None of them were text editors or terminal emulators.
Notably there's something like an order of magnitude or more difference in performance between terminals that people are perfectly happy to use. (EDIT: To quantify this: on my system, catting the same file to a window taking about half my screen took an average of 1.443s with st, 1.16 seconds with xterm, 0.165s with rxvt xterm, and 0.404s with Kitty - all average over 3 runs)
Very few non-gpu accelerated terminals get anywhere near maximising performance and they're still fast enough that most people don't even notice because most applications, including most editors, once even remotely optimized themselves, don't tend to push even a non-accelerated terminal very hard.
Put another way: a typical test case of the performance of a terminal tends to be spewing log output or similar to it at a rate where the obvious fix is to simply decouple the text buffer from the render loop because nobody can read it all anyway (but really, a lot of the developers of these terminals should start by looking at rxvt and at least get to a decent approximation first before they start doing those kinds of shortcuts)
Fast enough terminal rendering was solved by the mid 1980s, and performance increases have outpaced resolution increases by a substantial factor.
The bulk of the 3D work is still 2D, filling all the pixels, rasterizing 2D triangles after they’ve been transformed, projected to 2D, and clipped. Shaders might have lots of 3D math, but that’s really just pure math and no different from 2D math as far as the GPU is concerned.
> Do people know how to do analytic or even just AGG-quality 2D rasterization on a GPU? Or anything but simple oversampling.
Yes, I think so - if you mean quads & triangles.
The problem, of course, is analytic filtering (even 2D) usually isn’t worth the cost, and that oversampling is cheap and effective and high enough quality for most tasks. (Still, adaptive oversampling and things like DLSS are popular ways to reduce the costs of oversampling.) The path rendering people think carefully about 2d path rendering though:
And don’t forget mipmapped texture sampling, even in 2D, is better than oversampled.
A very common shader trick for 2d antialiasing that’s better than oversampling (not analytic, but sometimes damn close) is to use the pixel derivatives to compute the edges of a mask that blends from opaque to transparent in ~1-pixel. https://www.shadertoy.com/view/4ssSRl
> Do people know how to do analytic or even just AGG-quality 2D rasterization on a GPU?
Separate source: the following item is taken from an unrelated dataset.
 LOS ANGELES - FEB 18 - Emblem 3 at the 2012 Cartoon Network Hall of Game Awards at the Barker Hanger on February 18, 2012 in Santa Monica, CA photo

I suppose the sensible answer is "do it in a compute shader if you care about pixel-perfect accuracy". Which you arguably should for 2D stuff, given that the overhead is low enough.
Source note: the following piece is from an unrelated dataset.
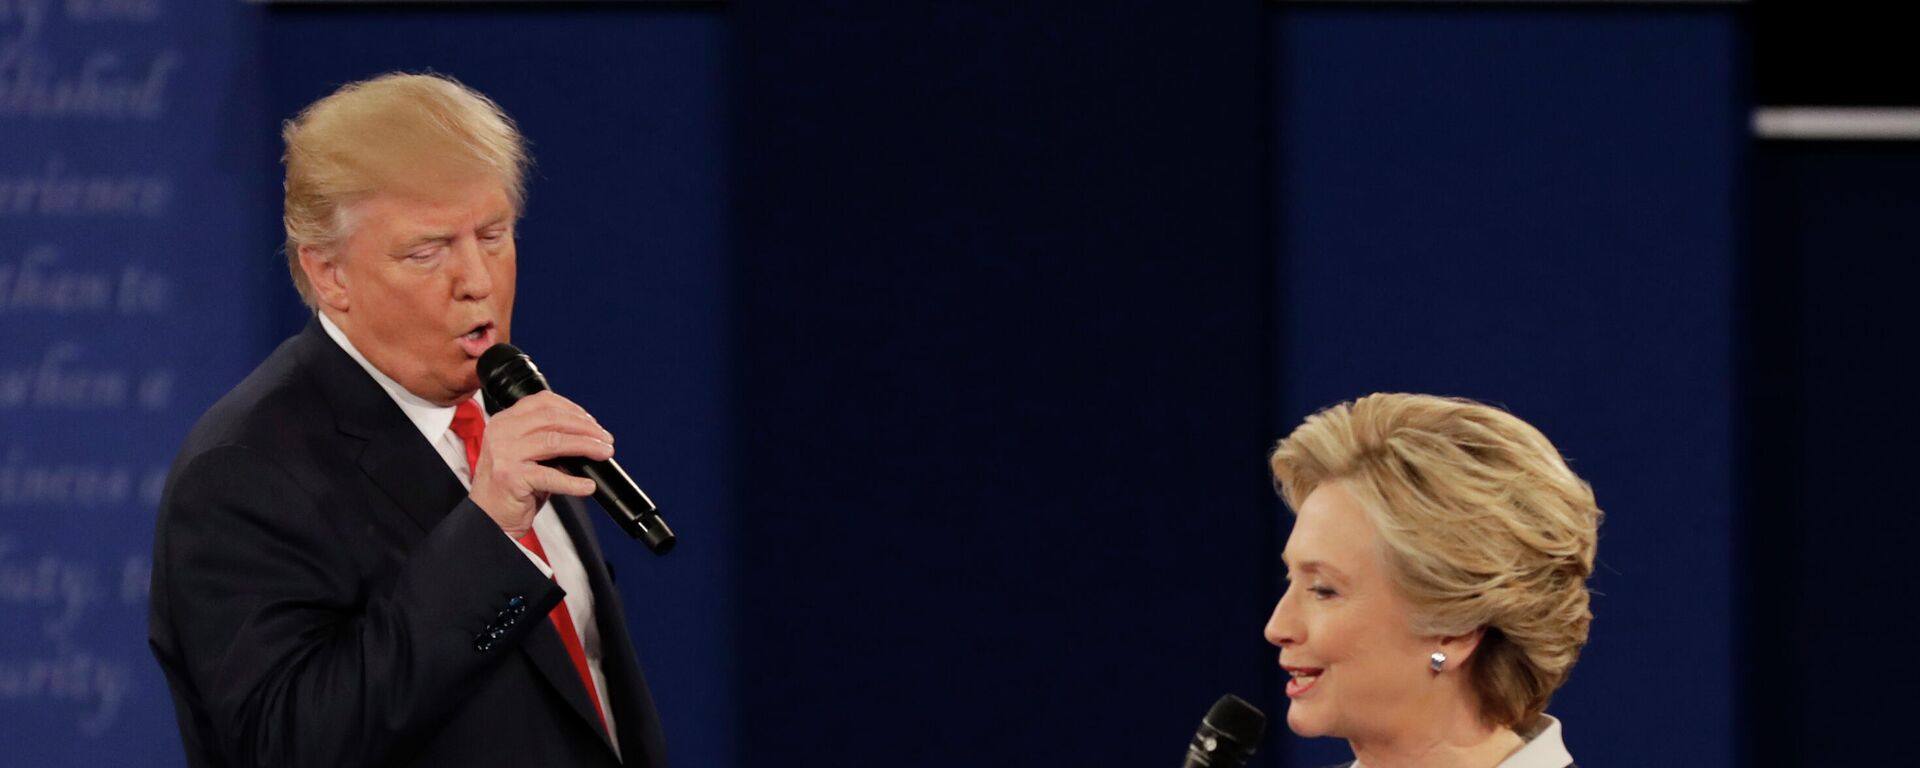 In this Oct. 9, 2016, file photo Republican presidential nominee Donald Trump and Democratic presidential nominee Hillary Clinton speak during the second presidential debate at Washington University in St. Louis. - Sputnik International, 1920, 19.05.2022

Sure, but did that "2D" orientation boil down to anything beyond accelerated blitting and perhaps a few geometry-rendering primitives? Part of the problem is also that there never was a standard feature set and API for 2D acceleration comparable to OpenGL or Vulkan. So support for it was highly hardware-dependent and liable to general bit rot.
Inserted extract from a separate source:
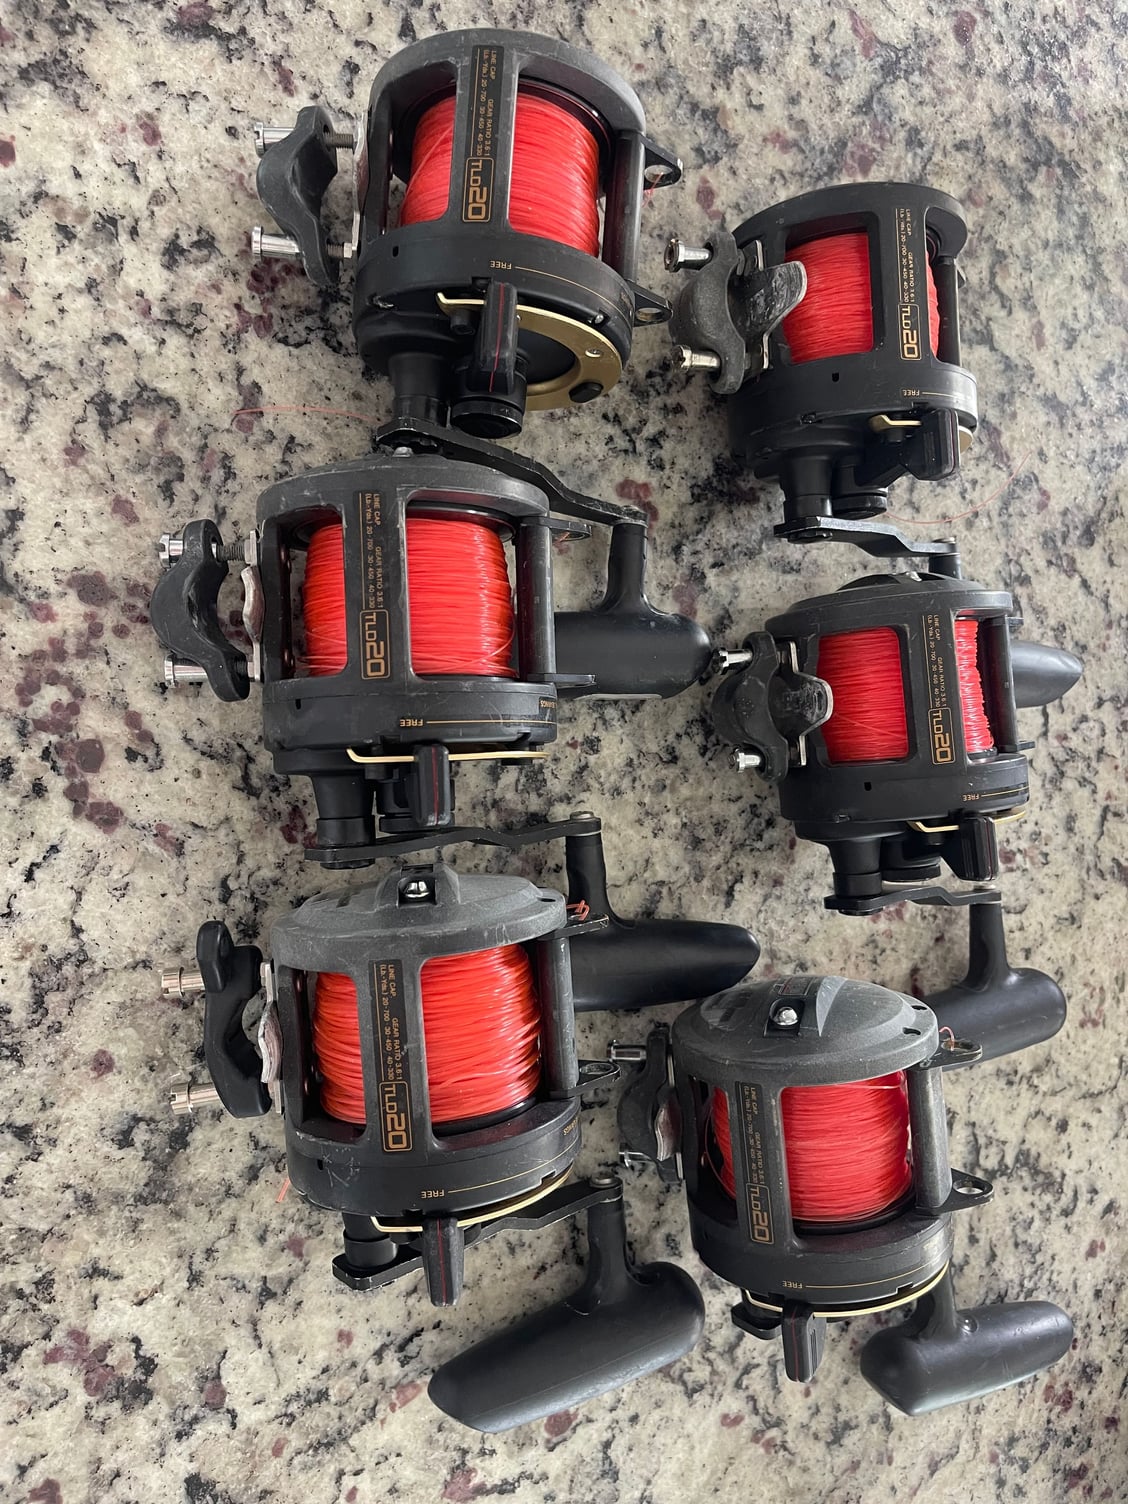 Reels for Sale: Shimano, Daiwa, Fin-Nor - The Hull Truth - Boating

Yes, there were other hardware acceleration tricks implemented. For example, hardware sprites allowed for bitmaps that were composed in real time for display rather than blitted to the framebuffer. This trick is still used for the mouse cursor. There was hardware scrolling which meant you could move the whole display and only render the edge that came into view. Both of these together is how platformer games were implemented on the SNES and similar hardware of that generation, and it’s why the gameplay was so smooth. The NES could either do hardware sprites or hardware scrolling, but not both IIRC, which is why the game world freezes when Link reaches the edge of the screen and the new screen comes into view in the original Zelda.
There were other hardware accelerations my memory is somewhat more vague on. I remember there were some color palate translation hardware, and hardware dithering.
There wasn’t any standard cross platform graphics api back then, but that’s more a statement about the era. Everyone wrote directly to the metal.
> For example, hardware sprites allowed for bitmaps that were composed in real time for display rather than blitted to the framebuffer.
You can do all these things with compositing, though. A "sprite" is just a very limited hardware surface where compositing happens at scanout, and some modern GPU's have those too.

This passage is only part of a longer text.